Creating hyperlinks to PubMed paper pages
In the Detailed Results of Papers page each PubMed ID is linked to its corresponding PubMed webpage using the code below:
Code:
sub populatePmid { $result = $dbh->prepare( "SELECT * FROM pap_identifier WHERE pap_identifier ~ 'pmid'" ); $result->execute() or die "Cannot prepare statement: $DBI::errstr\n"; my %temp; while (my @row = $result->fetchrow) { if ($row[0]) { my ($data) = &makeNcbiLinkFromPmid($row[1]); $temp{$row[0]}{$data}++; } } foreach my $joinkey (sort keys %temp) { my ($pmids) = join"<br/>", keys %{ $temp{$joinkey} }; $pmid{$joinkey} = $pmids; } # foreach my $joinkey (sort keys %temp) } # sub populatePmid
sub makeNcbiLinkFromPmid { my $pmid = shift; my ($id) = $pmid =~ m/(\d+)/; my $link = 'http://www.ncbi.nlm.nih.gov/pubmed/' . $id; my $data = "<a href=\"$link\" target=\"new\">$pmid</a>"; return $data; }
Note the table name ("pap_identifier"), the table specifier ("WHERE pap_identifier ~ 'pmid'"), the URL path ("http://www.ncbi.nlm.nih.gov/pubmed/"), and (because of the code 'target=\"new\"') that the link will open a new window or tab. Also note that opening another link on the original page (e.g. Detailed Results of Papers page) will open that link in that same new window/tab, clearing out what you had opened previously.

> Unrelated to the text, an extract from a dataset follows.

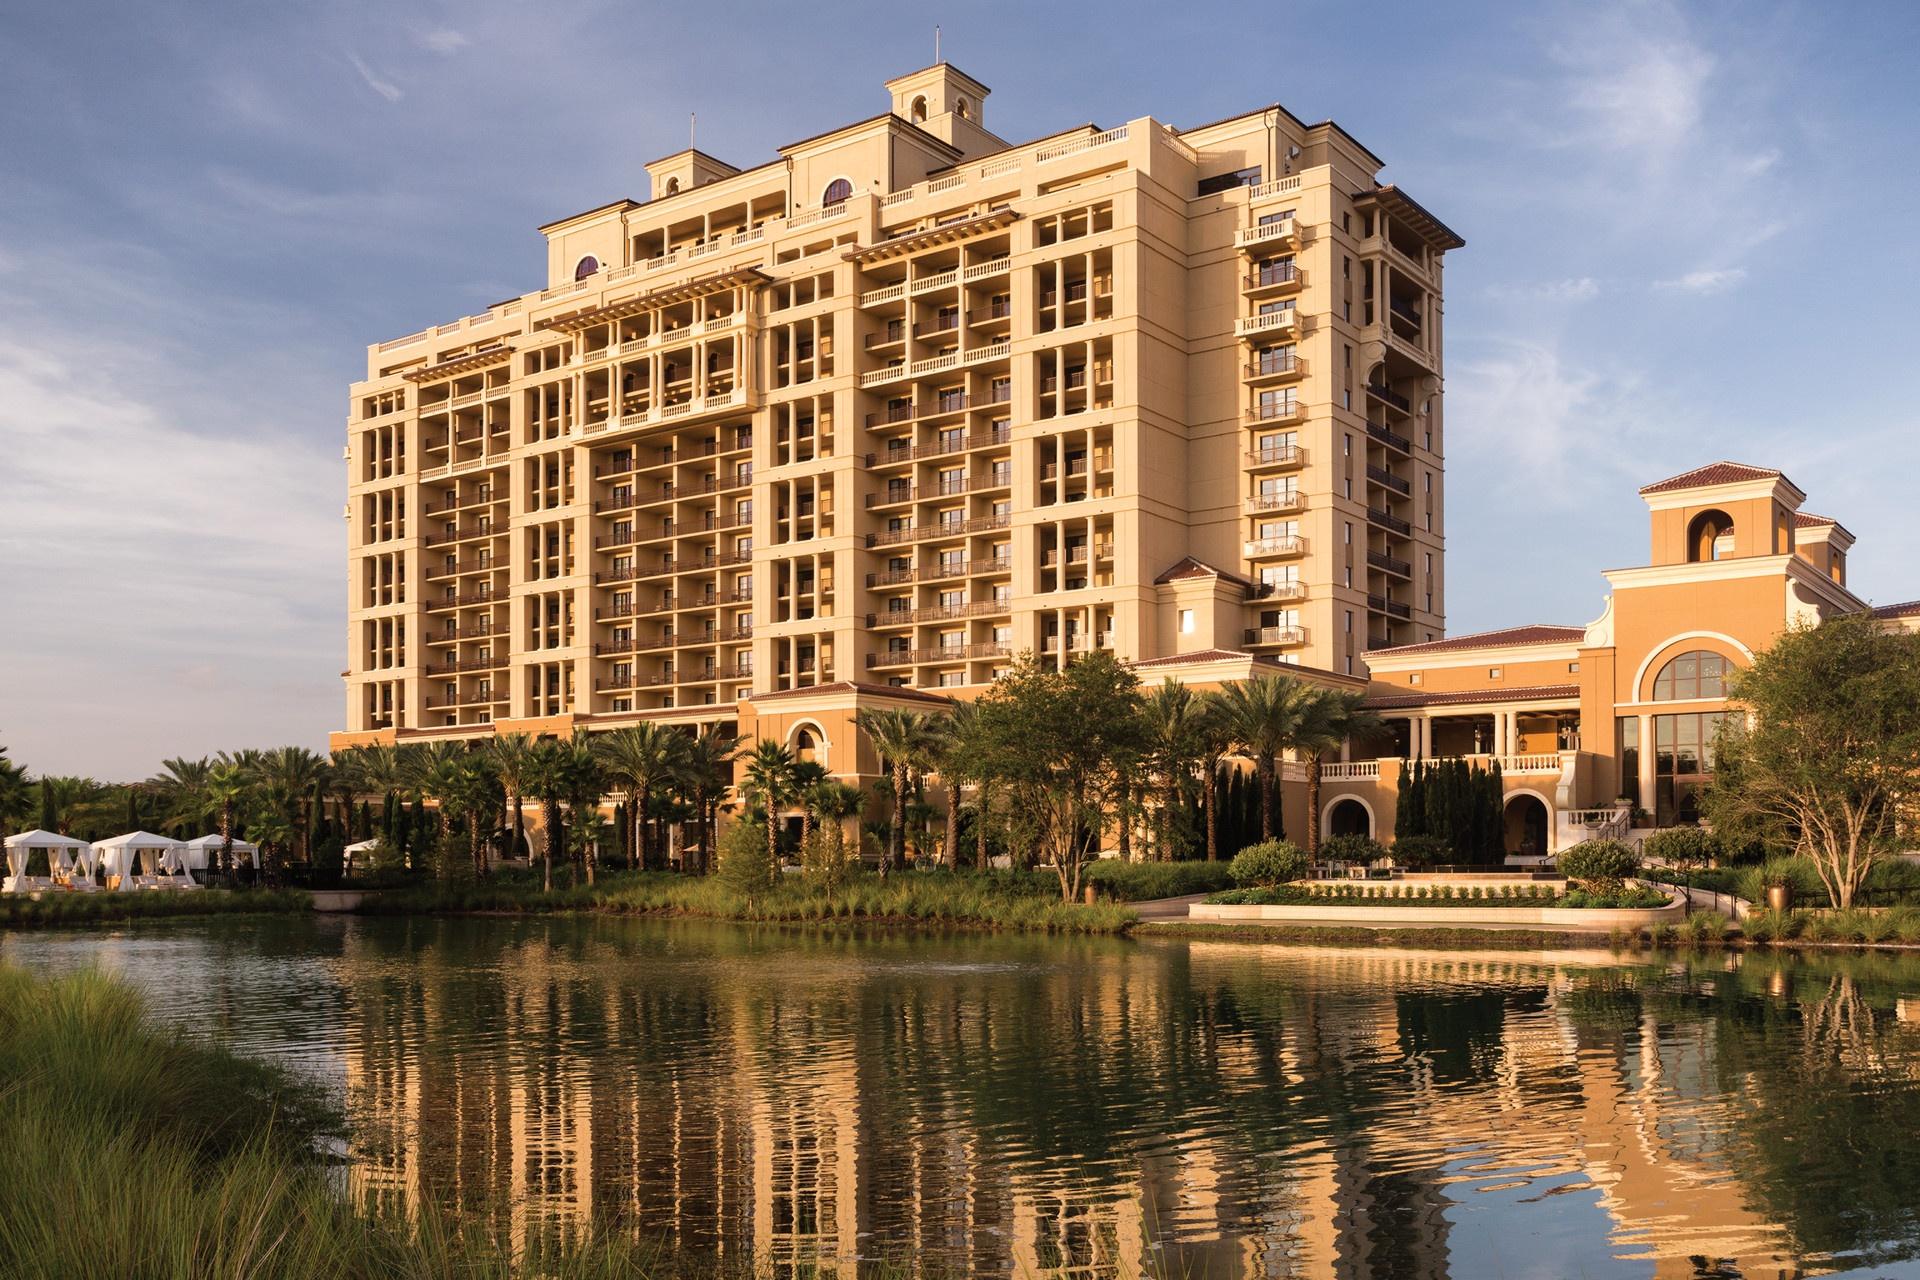 Hotel Exterior 2 - Four Seasons Orlando

Populating the Journal Names
Journal names for each paper are populated via the following code:
sub populateJournal { $result = $dbh->prepare( "SELECT * FROM pap_journal WHERE pap_journal IS NOT NULL" ); $result->execute() or die "Cannot prepare statement: $DBI::errstr\n"; while (my @row = $result->fetchrow) { if ($row[0]) { $journal{$row[0]} = $row[1]; } } } # sub populateJournal
Note the table "pap_journal".
Loading Data into the Form
On the Curation Statistics Options Page, the Specific Paper Page, or the Prepopulated Specific Papers Page, curators have the option to specify what flagging methods (SVM, AFP, and/or CFP), curation sources (Ontology Annotator or cur_curdata [which is the data generated from this form]), and/or data types (e.g. geneint, rnai) they would like to view.
There are separate hashes for storing the different types of data, all of which have a key of datatype, subkey paperID, sub-subkeys of other things depending on the hash (see individual subsections below).
There is an option to select specific datatype, in which case only the data for those datatypes is loaded. Similarly if only some paperIDs have been selected, only those paperIDs are loaded.
Loading curatable papers
Only papers that have a 'valid' pap_status value and a 'primary' pap_primary_data value are considered curatable. These are stored in the %curatablePapers hash. ( paperID => status )
sub populateCuratablePapers { my $query = "SELECT * FROM pap_status WHERE pap_status = 'valid' AND joinkey IN (SELECT joinkey FROM pap_primary_data WHERE pap_primary_data = 'primary')"; $result = $dbh->prepare( $query ); $result->execute() or die "Cannot prepare statement: $DBI::errstr\n"; while (my @row = $result->fetchrow) { $curatablePapers{$row[0]} = $row[1]; } } # sub populateCuratablePapers
Loading afp_ data
Populate %afpEmailed, %afpData, %afpFlagged, %afpPos, %afpNeg.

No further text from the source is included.